どれが『読めない』のかはご想像にお任せするとして、『神様のボート』はもちろん『すごく好きな作品』です。
『流しのしたの骨』と迷ったのですが、読了後の強烈さで『神様のボート』に軍配が上がりました。
でも一番読んだ回数が多いのは『流しのしたの骨』ですね。面白いのでおすすめです。
『神様のボート』とは
2002年出版、286ページ(文庫)と短めで読み易い作品です。
主人公葉子は『骨ごと溶けるような』恋をして娘草子を産む。しかし必ず戻ってくると約束した恋人は帰らず、葉子は娘を連れて各地を流浪する人生を選択する……というあらすじ。
最初は一つのチームだった二人ですが『恋という夢』に生きる母に気づき、現実を見つめて進んでいく娘の葛藤と成長ぶりが頼もしい。
なぜこの作品に惹かれるのか
※作品のネタバレを含みますのでご注意ください
江國香織は、日常に潜む狂気を淡々と描くのが上手い作家だと思う。
「『恋に狂う』とは言葉が重複している。恋とはすでに狂気なのだ」と言ったのはハインリヒ・ハイネですが、この作品の主人公葉子はとても長い間恋(=狂気)の中に暮らしています。

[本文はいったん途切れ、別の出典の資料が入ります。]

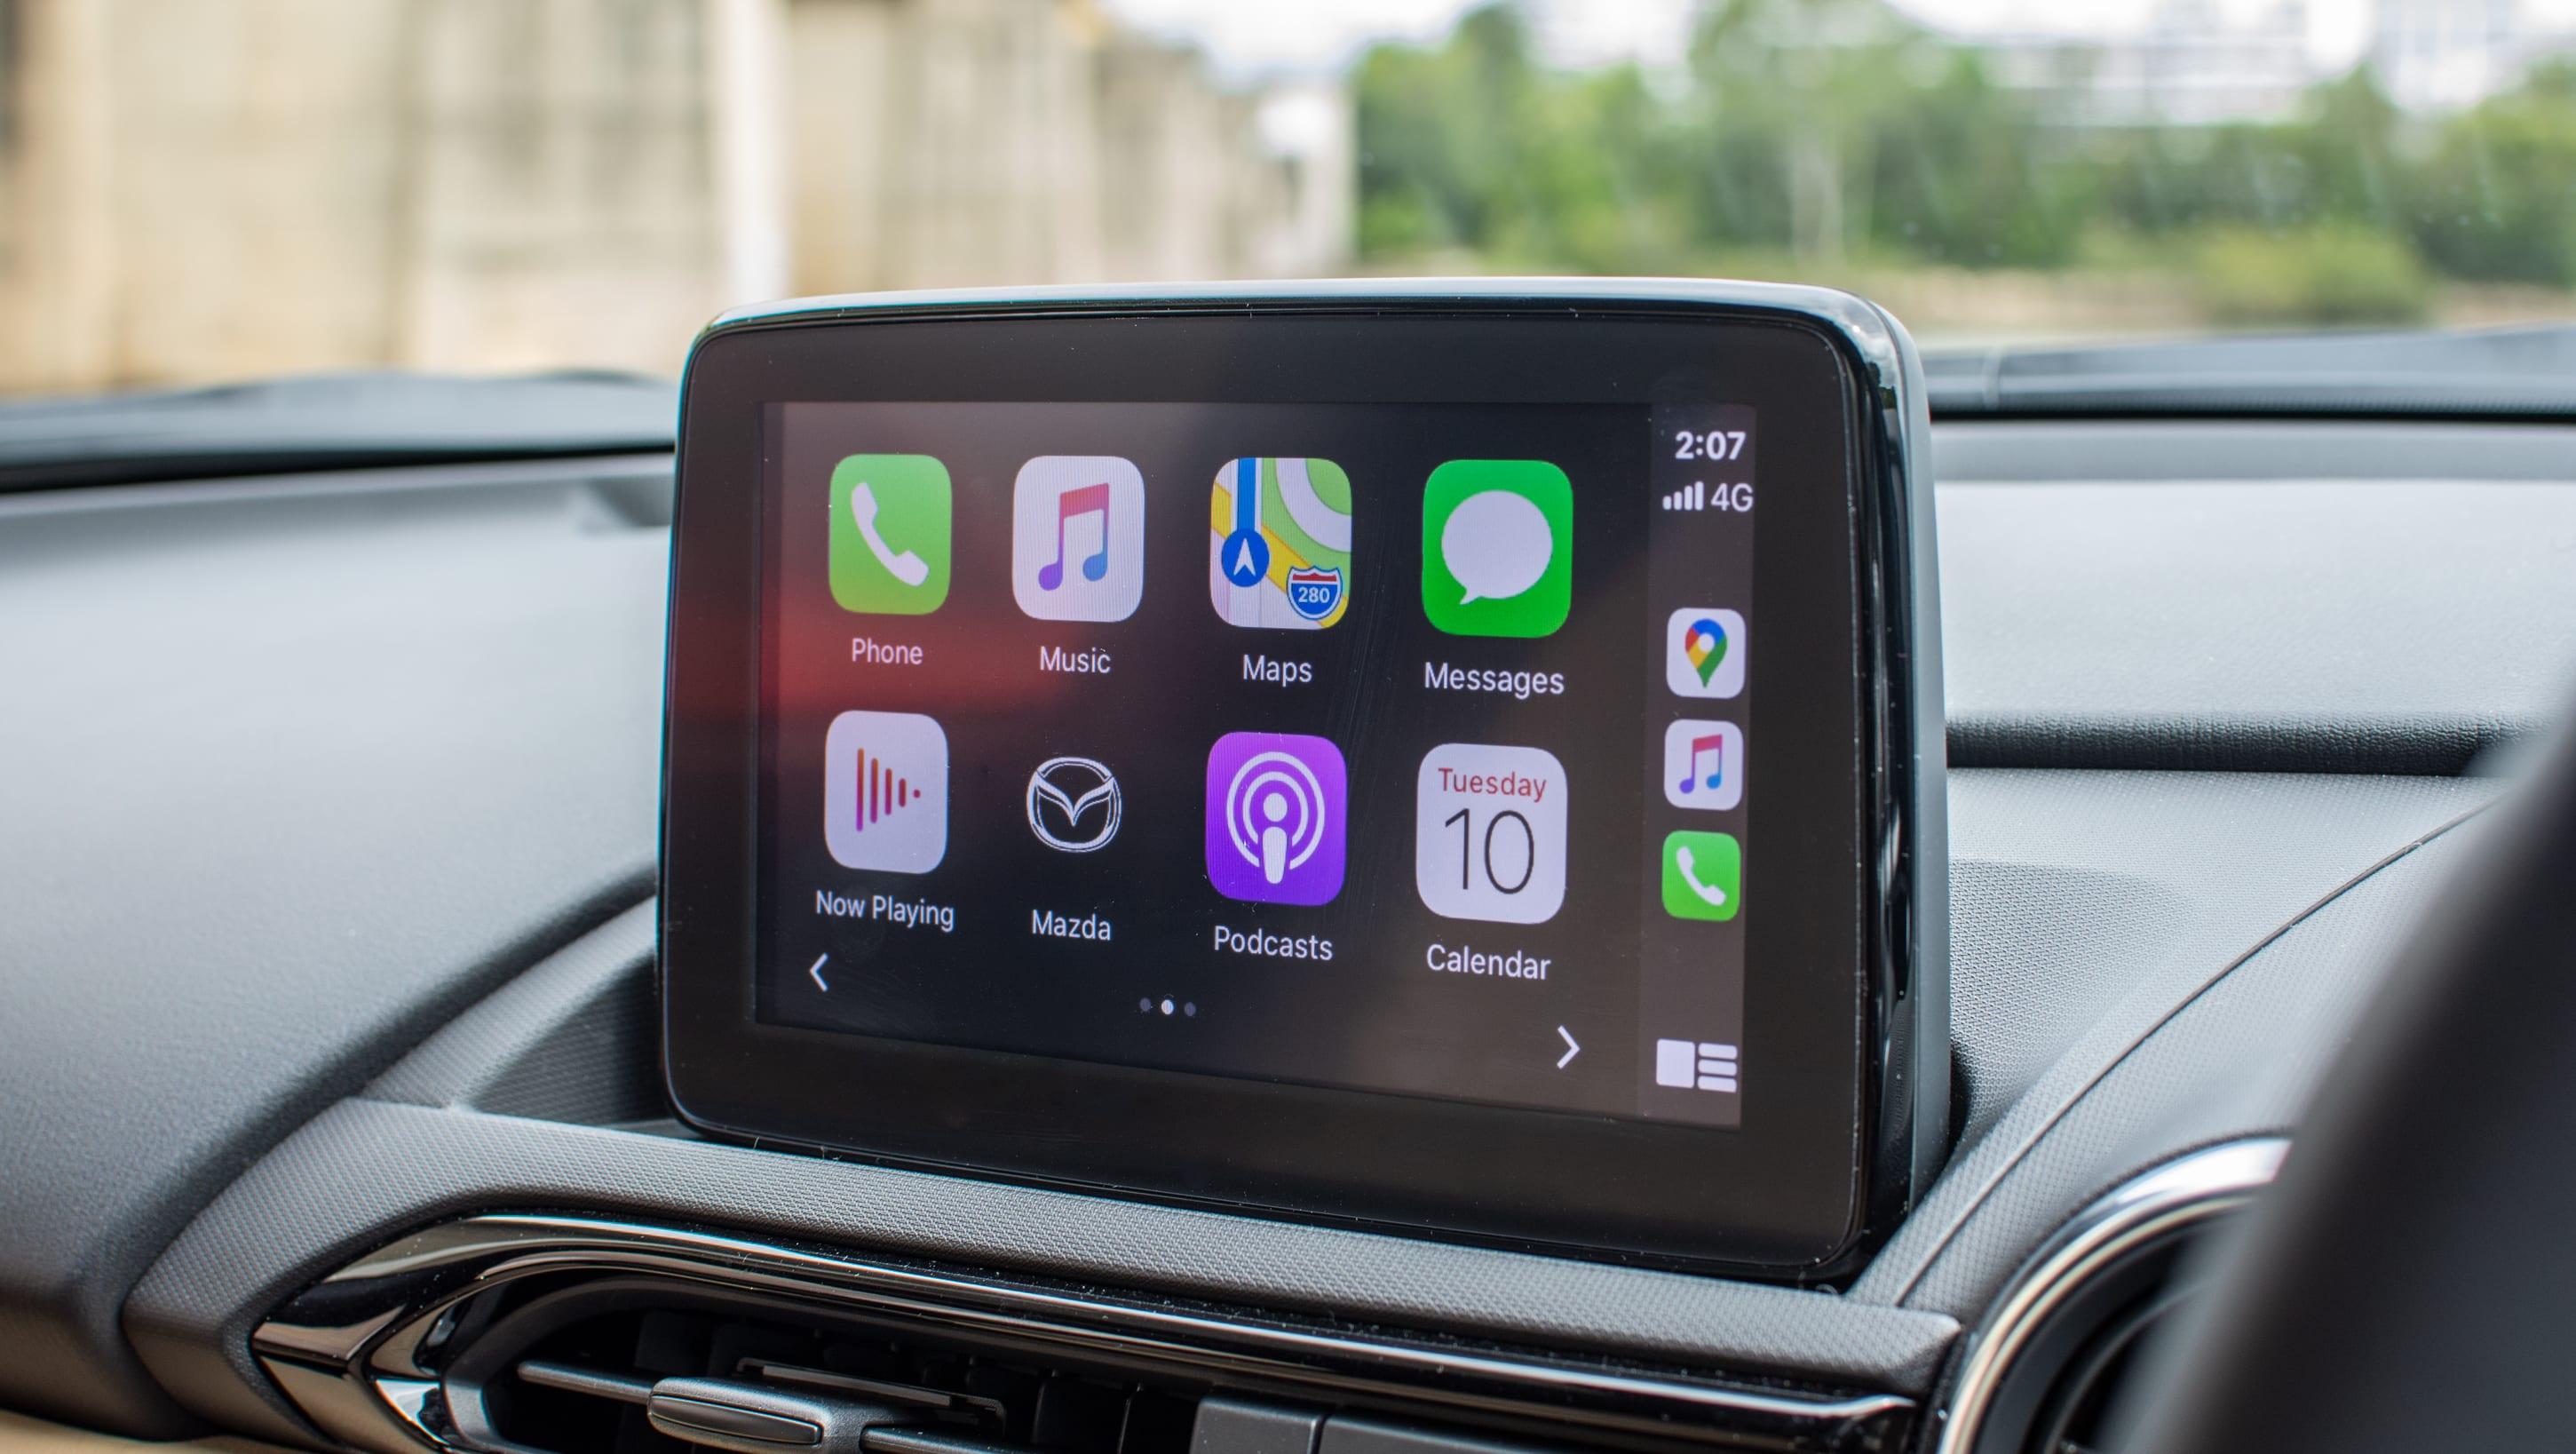 Kelebihan Kekurangan Android Auto Mazda 3 Tangguh

しかもその狂気に一人娘を巻き込んでおり、『恋人がいない場所に馴染むわけにはいかない』という不可思議な理由で幼い娘を日本全国連れまわしていく。
こりゃ娘にとってはとんでもないかーちゃんだな、と現実的な感想を抱きつつも、葉子の恋(狂気)の行く末を見届けたい気持ちでラストまで読み進めていくわけです。夢(母)と現実(娘)を行き来するという面白さもありますね。
作者が明らかにしていないので、夢なのか現実なのかわかりません。
もっと言えば、葉子が恋した相手が実在する人物なのかもわからないまま作品は終了します(娘がいるので父親がいることは間違いないのですが、葉子の脳内のような人物とは限らない)。
葉子の恋(狂気)はいつから始まっていたのか、それともすべて現実に起きたことなのか、全ては謎のままなのです。
とても危険なお話です。一人の人に生涯恋し続けるという純粋さ、頑なな純粋さは狂気も含んでいると思うし、現代社会でこれほどの恋はなかなかないでしょう。
ラストシーンが現実でも虚構でも、怖い。江國香織の作品の中で『狂気』をはっきり前面に出しているという点で他と違っています。
なぜ私が江國香織の作品に惹かれるのか。
それは日常に潜む境目の曖昧な『狂気』を体験し、自分の中で噛み砕き、その理由や背景を想像し納得したいから。『自分は普通』と思う誰しも、多かれ少なかれ狂気を抱えていると思うから。
『流しのしたの骨』はもっと穏やかで平凡(そう)なお話ですが、↑の欲求を満たしてくれるしカタルシスを得られるので好きな作品です。狂気という言葉が強すぎるならば、各人の抱える『業(ごう)』とか『魂のバランス』とか、そんな感じ。そういうものに、私は惹かれるのです。